My brother loves the beautiful bright orange fish that fill the waters of La Jolla Cove. They are absolutely gorgeous. But they are also part of a food chain. If the Garibaldi love it so much here, then the things that eat Garibaldi are probably here and those things also probably want to eat me.

Plus, the Sea Lions were everywhere. I had read extensively about them. They are usually not aggressive toward humans but they are territorial and sometimes nip – WHAT? I swam on, as hard as I could. Stroke, breathe, swallow water, hyperventilate, etc. My heart rate was so high, not from the effort of swimming, which was a challenge for sure, but from pure terror of Creatures of the Sea. I made it across the cove using a combination of free style and pure adrenaline rush.   
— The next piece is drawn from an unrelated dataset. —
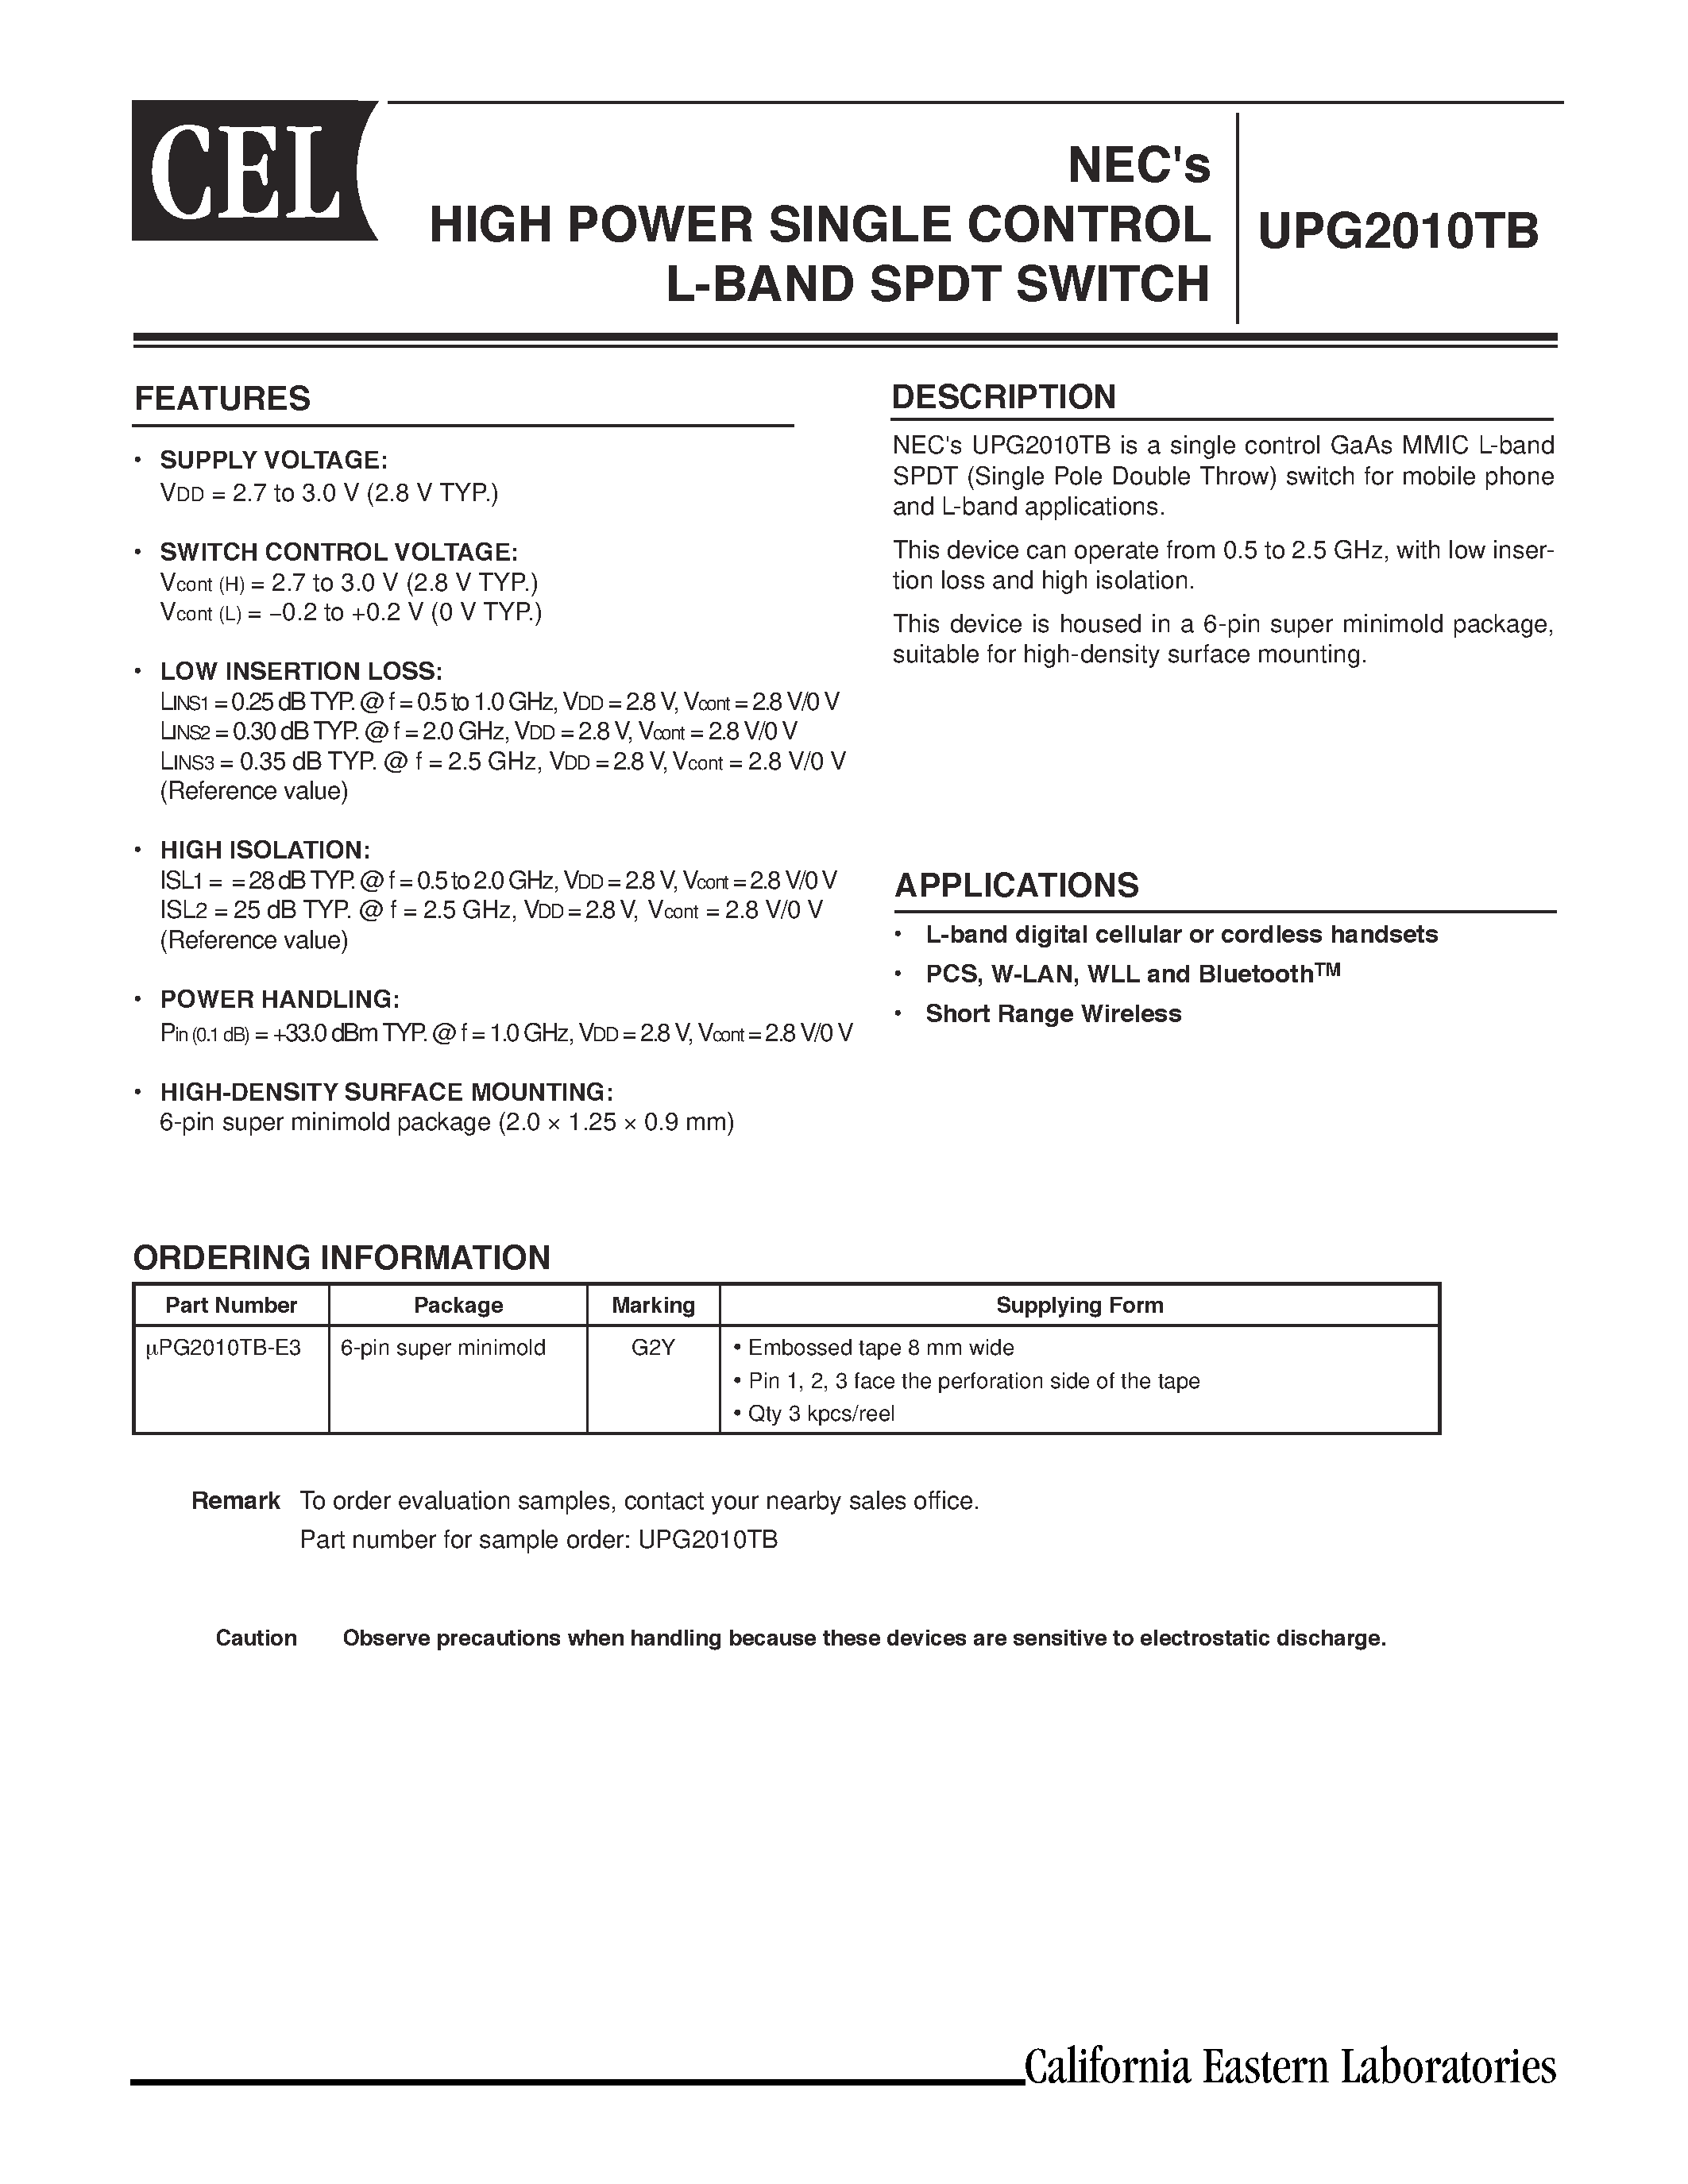 Datasheet UPG2010TB - NECs HIGH POWER SINGLE CONTROL L-BAND SPDT SWITCH page 1

By the time we were approaching the beach on the other side of the cove, the halfway point, I was thrilled to stand up in the shallow water and sand.

“DO THE STINGRAY SHUFFLE!” My brother was shouting back to me again. Something about a stingray shuffle. I looked at him in confusion and then when he said, “You know, stingray, like the thing that killed the Crocodile Hunter,” my expression turned to horror. “Shuffle your feet in the sand so you don’t get stabbed.” Are you effing kidding me? I just survived a mile long open water swim chugging salt water and dodging Sea Lions and now I’m about to die from a Sting Ray? I immediately shuffled as best I could onto the beach.

“Maybe Jack and Sarah can come pick us up over here?” I begged. “Nah, all we have to do now is go back,” he said and made his way back into the water.

I had calmed down quite a bit. I knew if I didn’t get my heart rate down that the second mile was going to be a mess. I took a big deep breath and started swimming. And then I immediately looked up at my brother, who had also looked up at me and we locked eyes and he said, “That’s a big fish. But you know, they usually aren’t aggressive toward humans.” And he swam on.

And I was left there in his wake, looking down at a 4 foot shark that was about 2 feet below me in about 10 feet of water.  Should I swim back to shore, which was RIGHT THERE? In my terror, I couldn’t even figure out how to turn around, so I just started swimming forward after my brother, as fast as my legs could kick and arms could pull.

And I thought to myself, “Why cry when the ocean will just swallow your tears? Just swim.”  I’m not going to say I broke the 2-mile record at La Jolla Cove that day, but my second mile was incredibly fast as I tried desperately to keep up with my brother who also seemed to be swimming quite a bit faster. Every Garibaldi represented shark bait, every Sea Lion was out to get me. I tried to make myself go faster, faster, faster and finally we were climbing over the rocks and out of the water, finished.

“You know, that’s the first time I’ve ever done the entire 2 miles,” my brother said with a satisfied and somewhat surprised look on his face. “What? You’ve never gone 2 miles and you took me out there and also shark!” I said. Then Aaron, who had been swimming calmly and silently with us the whole morning, said, “Yeah, that was a big shark. And I got nipped a bunch of times by Sea Lions too.”

“You people are crazy.” I said. And then my brother broke it down for me. “I know you would not have gone for the 2 miles if you knew I hadn’t done it before and I knew you could do it. And I wanted to do it with you. And we did it, and we should both be really stoked.”

He can say stoked because he’s been surfing and open water swimming in California for eons whereas even when I write it I feel awkward. But goddamn, I have to tell you, I was really fucking stoked.

For the record, it was a leopard shark and they really are not typically aggressive toward humans, but if you ever swim alongside or right above one, you will likely immediately become quite unstoked.   

So I guess I'm going back into open water again this weekend. I'm not going to do the 5k. Even without a swell, 3 miles of river swimming followed by a run sounds like a long morning. But the event offers shorter distances as well, so I'm putting my goggles back on. At least there aren't any Sea Lions in the Potomac.